I don't quite understand the above -- in my sketch, the above would be:

     data = yield submit(input._read, 4096)

It looks like your original sketch wants to call .result() on the
future, whereas in my version, the return value of yielding a future
is the result (or an error is thrown if the result was an error).

Is there some reason I'm missing, for why you'd want to explicitly
fetch the result in a separate step?

Meanwhile, thinking about Alex's question, ISTM that if WSGI 2 is
asynchronous, then the wsgi.input object should probably just have
read(), readline() etc. methods that simply return (possibly-mock)
futures.  That's *much* better than having to do all that submit()
crud just to read data from wsgi.input().

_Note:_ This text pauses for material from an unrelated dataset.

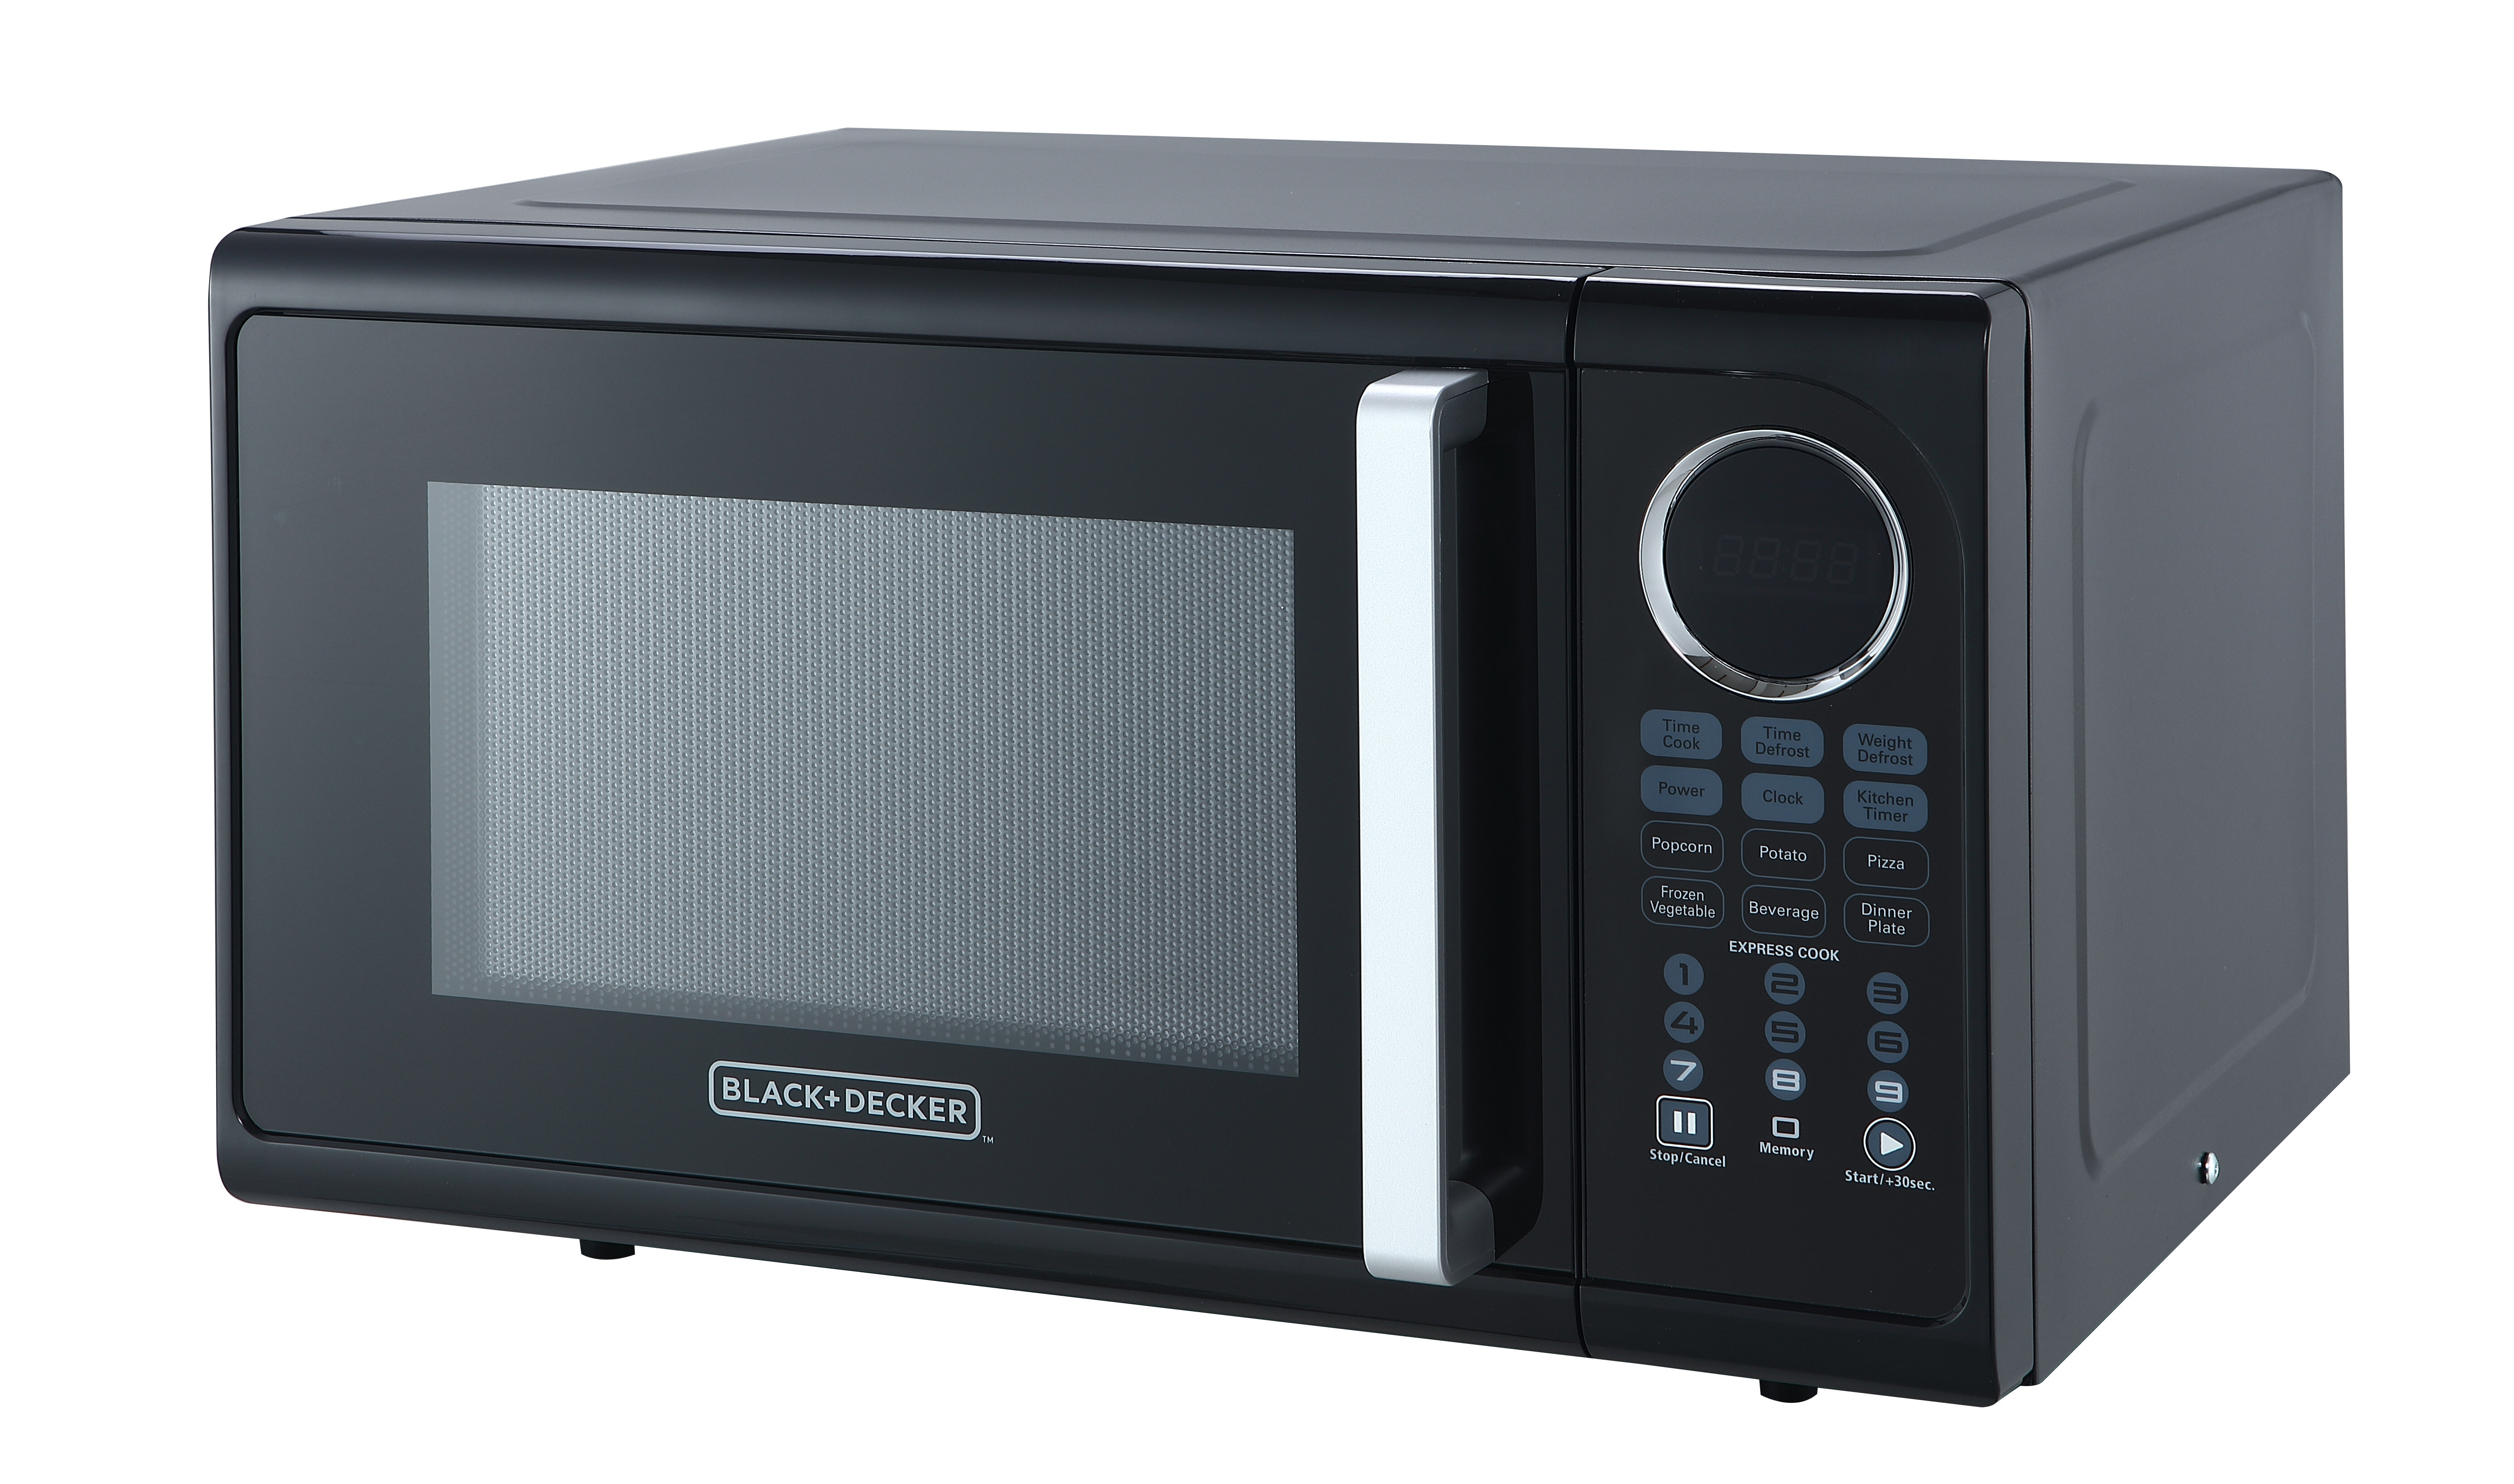 https://assets.wfcdn.com/im/00539725/compr-r85/6700/67004600/blackdecker-09-cubic-feet-countertop-microwave.jpg

OTOH, if you want to use the cgi module to parse a form POST from the
input, you're going to need to write an async version of it in that
case, or else feed the entire operation to an executor...  but then
the methods would need to be synchronous...  *argh*.

I'm starting to not like this idea at all.  Alex has actually
pinpointed a very weak spot in the scheme, which is that if
wsgi.input is synchronous, you destroy the asynchrony, but if it's
asynchronous, you can't use it with any normal code that operates on a stream.

I don't see any immediate fixes for this problem, so I'll let it
marinate in the back of my mind for a while.  This might be the
achilles heel for the whole idea of a low-rent async WSGI.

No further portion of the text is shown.